Common Ground Trust 

The Common Ground Trust and its suggested purpose of allowing houses to be sold separately from the land on which they stand would be one of the greatest changes to UK housing in modern history. It should be noted that the authors of the report put forward the proposals in relation to it with much circumspection and with good cause – the financial, economic and political effects of those proposals would be enormous and would require much thought and detailed planning to even become party policy. The legal consequences would be no less huge.

The policy proposal is fairly simply stated: when buying a house, part of the price payable is attributable to the bricks and mortar building and part to the land on which that building (and any garden and private outdoor space) sits. If a private buyer were able to only purchase the building, whilst the Common Ground Trust buys the land, the buyer would have to find less money for the purchase at the outset, and would pay the Common Ground Trust a ground rent for the land which would be more affordable than paying off a mortgage loan on the land had it been bought together with the building.
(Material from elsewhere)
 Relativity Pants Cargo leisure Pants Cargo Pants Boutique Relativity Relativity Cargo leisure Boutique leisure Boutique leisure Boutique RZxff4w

The fundamental legal issue raised by the proposal is exactly what sort of legal estate or interest in land would be acquired by the Common Ground Trust and the house buyers in this case. At present English law recognises only two estates in land – freehold (of which commonhold is a subdivision) and leasehold. The basics of the proposal do not fit comfortably with either. Freehold in the vast majority of cases means outright ownership of both land and all buildings on it. Although it is possible to have freehold ownership of different levels of land (indeed this is an essential part of commonhold ownership of flats) the relationship that would be required between the owners of the house and the Common Ground Trust do not really fit with how such freehold owners deal with each other. Commonhold would not be appropriate as that requires the owners of the various levels to have common ownership of structure and common parts, where the report seems to envisage that all physical structures and none of the land would belong to the house owner.
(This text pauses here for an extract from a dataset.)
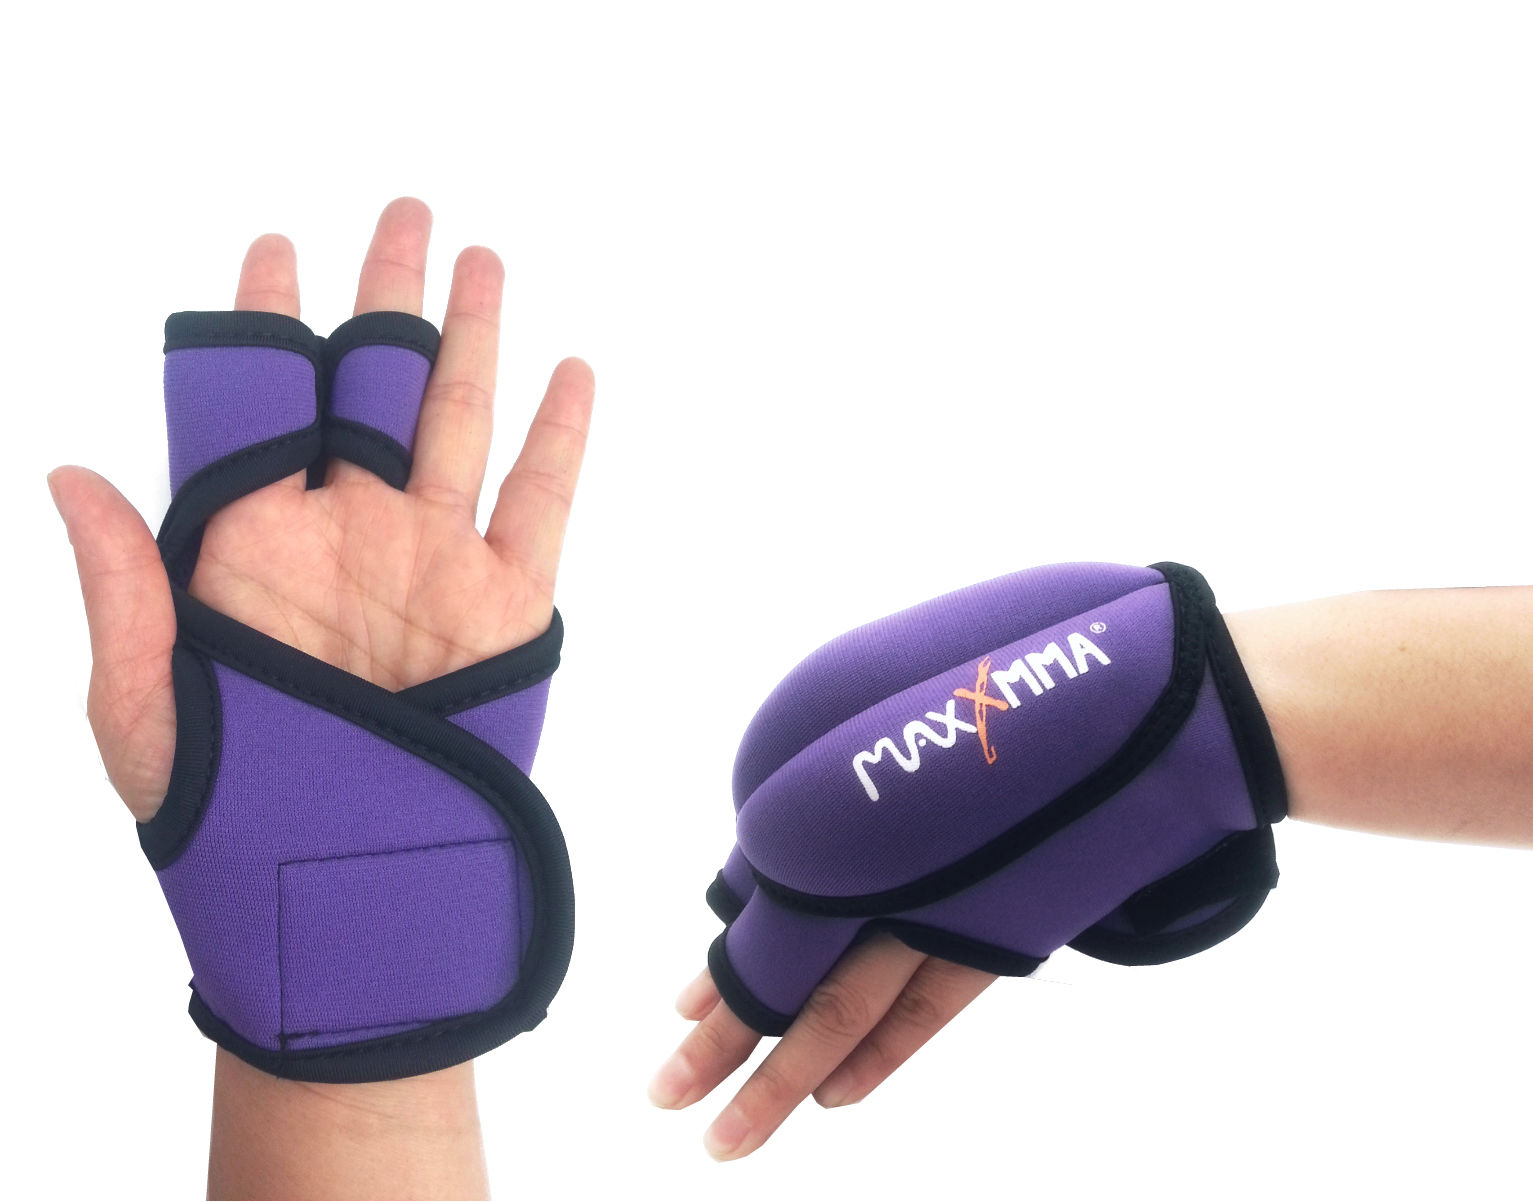 Maxxmma Weighted Gloves 0 75 Lb Ea 1 5 Lb Set Puple Ebay

Leasehold would fit somewhat better, but again not perfectly. The report is clear that the owners of houses should have a permanent interest rather than the time limited interest in their property a lease would convey and should never be at risk of eviction, so a normal landlord and tenant relationship cannot be intended. The payment of ground rent as a critical part of the relationship between house owner and Common Ground Trust does look rather like a lease, however, and it is interesting to note that, at a time that new leasehold houses may be legislated out of existence, the Common Ground Trust is being put forward even tentatively as a proposed reform when, on its face, it may give even less control to house owners than current long leases do.
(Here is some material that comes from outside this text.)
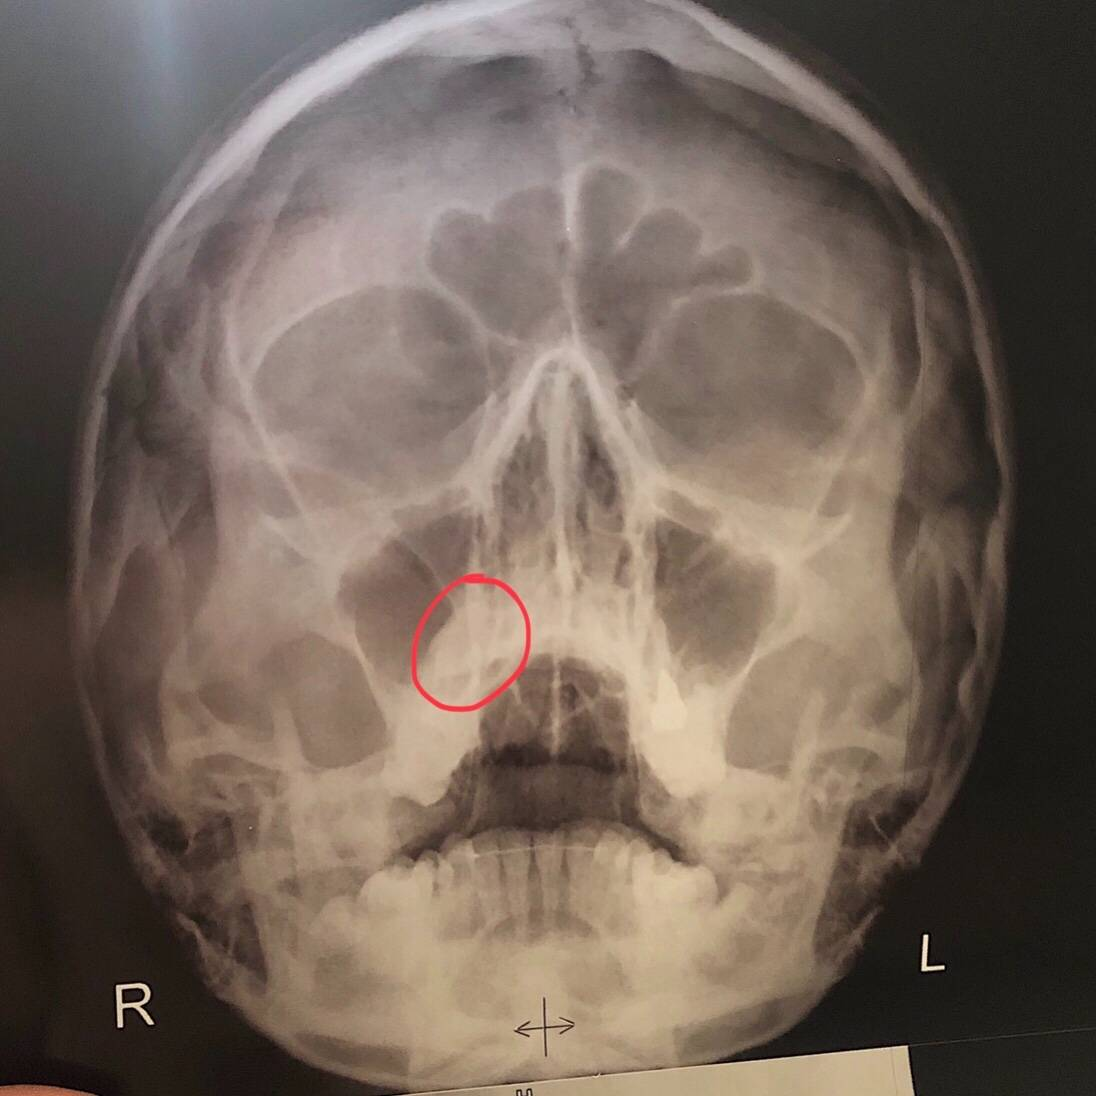 рентген придаточных пазух носа расшифровка

Assuming that some new kind of estate in land may be needed, or at least some new subdivision of freeholds, the knock on consequences for other areas of land law will be wide ranging and highly complex. For example, how will those aspects of land law which require the identification of different parcels of land, such as easements and restrictive covenants, be interpreted? Easements, such as rights of way, fall away by operation of law if the land benefitting from and subject to the rights, technically called the dominant and servient tenements, come into common ownership. Would that happen if the Common Ground Trust acquires both tenements, even if the houses on them are owned by different people? If the consent of a landowner is required to building work under a restrictive covenant, would it be the house owner or the Common Ground Trust which would have to give that consent? These are just a couple of the many details which would need to be worked out.

Conclusion

It would be unfair to expect an expressly political document like Land for the Many to contain fully worked out legal reforms. That is not its purpose. However, if even a small number of the policy proposals contained in the report were to become official Labour Party policy, it would certainly give rise to a lot of work for real estate lawyers.